# Camera options for photographing Planted Tanks and Fish



## kippen (Oct 20, 2007)

I wasn't exactly sure where to post this, so here seems as good as anywhere!

What do other people use to take pictures of their tanks? I have a Nikon S3 and it doesn't work well at all. I've tried several options on the camera and it the pictures are marginal at best. So I'm looking for something else. If someone has any suggestions I would love to hear them.

I'm looking for something that expects SD cards as I have several, but I'm still open to other suggestions. 
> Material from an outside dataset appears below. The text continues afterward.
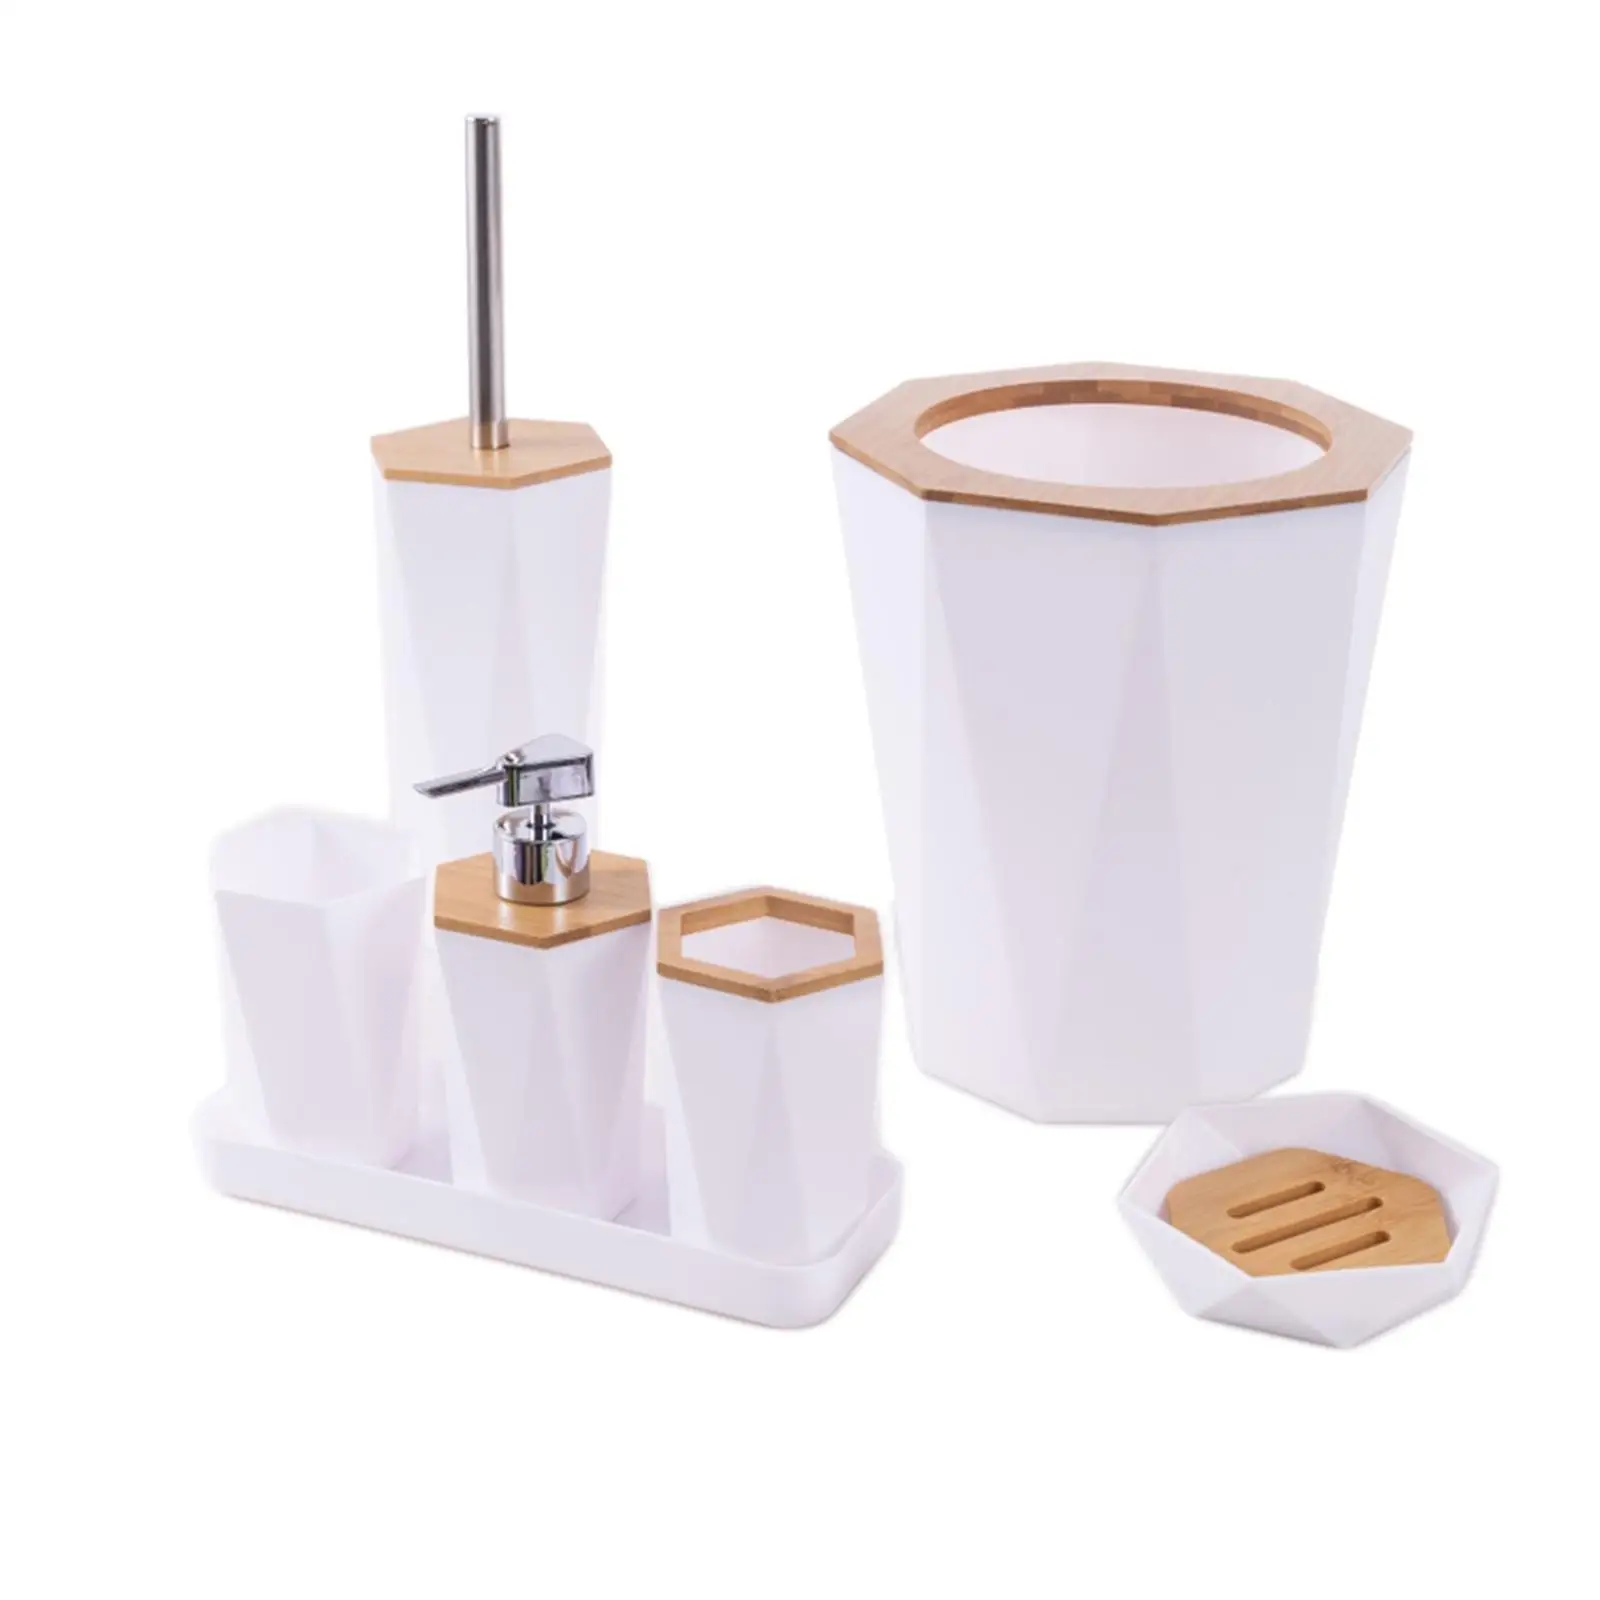 Bathroom Accessories Set Soap Dish Soap Dispenser Toothbrush Cup Toilet Brush Holder Tray 7 Pieces Set for Hotel Household Home

Please post pics of the photos you've taken with your camera.


----------



## fishscale (May 29, 2007)

I have yet to get a good picture with my point and shoot camera, but I will try once I get a tripod. Here are some good articles on how to get a good shot: 

http://www.aquaticplantcentral.com/...graphy/9973-avoiding-image-blur-articles.html
http://www.aquaticplantcentral.com/...ography/7290-exposure-compensation-101-a.html
http://www.aquaticplantcentral.com/...phy/44578-point-shoot-cameras-still-good.html

Apparently, though, you still need to take a LOT of pictures and pick out the good ones.


----------



## kippen (Oct 20, 2007)

Fishscale,

Thanks for the posts. There's a lot of good information there.

Kip


----------



## Dharkaron (Jul 11, 2006)

check here:http://aquatic-photography.com/forum/
They have forums for both point and shoot cameras and SLR types. There are also tutorials and reviews there as well.


----------



## fishscale (May 29, 2007)

oooh, thanks, missed that one


----------



## kippen (Oct 20, 2007)

Hey thanks Dharkaron.


----------



## RoseHawke (Mar 10, 2004)

fishscale said:


> ". . .Apparently, though, you still need to take a LOT of pictures and pick out the good ones."
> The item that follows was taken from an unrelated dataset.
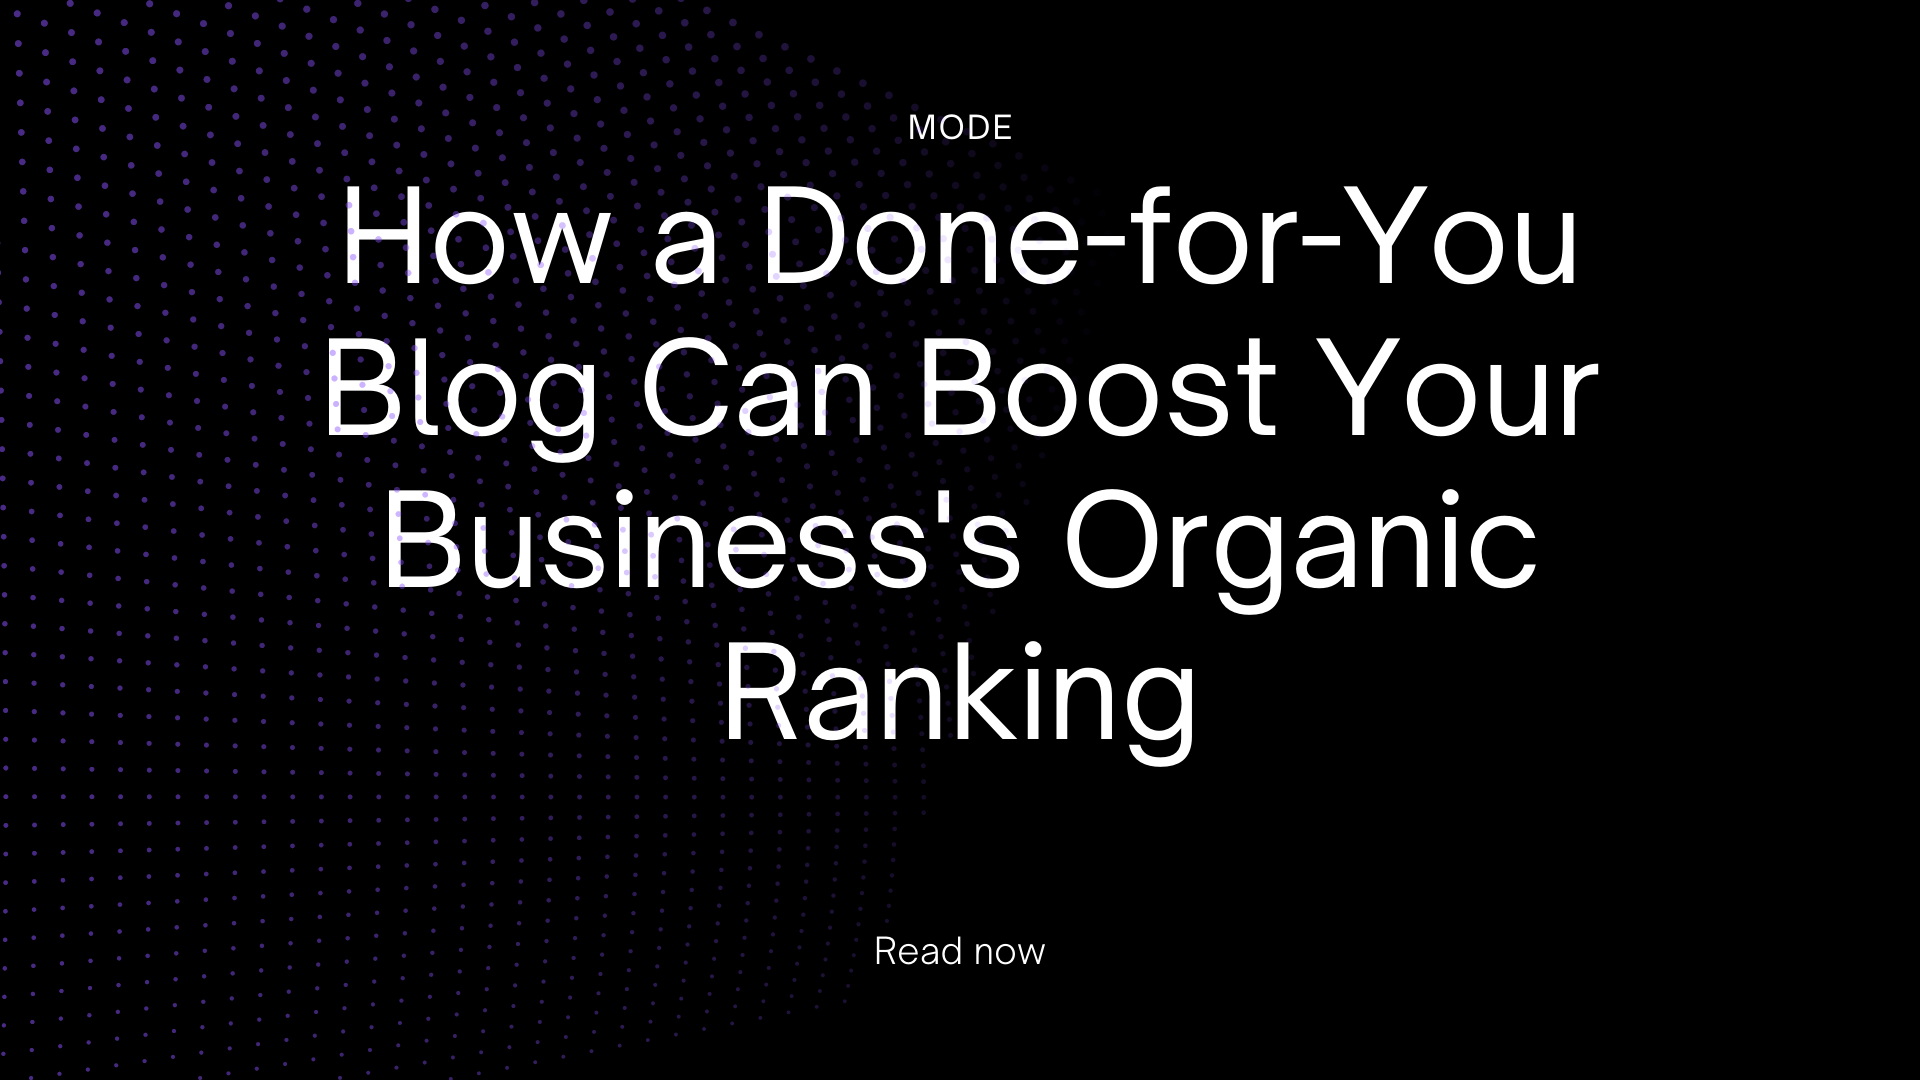 How a Done-for-You Blog Can Boost Your Business's Organic Ranking

I seem to remember one time reading that professional photographers (and this was back in the days of film so you could imagine how expensive it got) taking something on the order of about 300 photos for every one they kept :icon_eek:. I know I take at least 15-20 before I get one that I'm not too embarrassed to post :hihi: and I generally end up doing a lot of post-photo tinkering in paintshop pro.


----------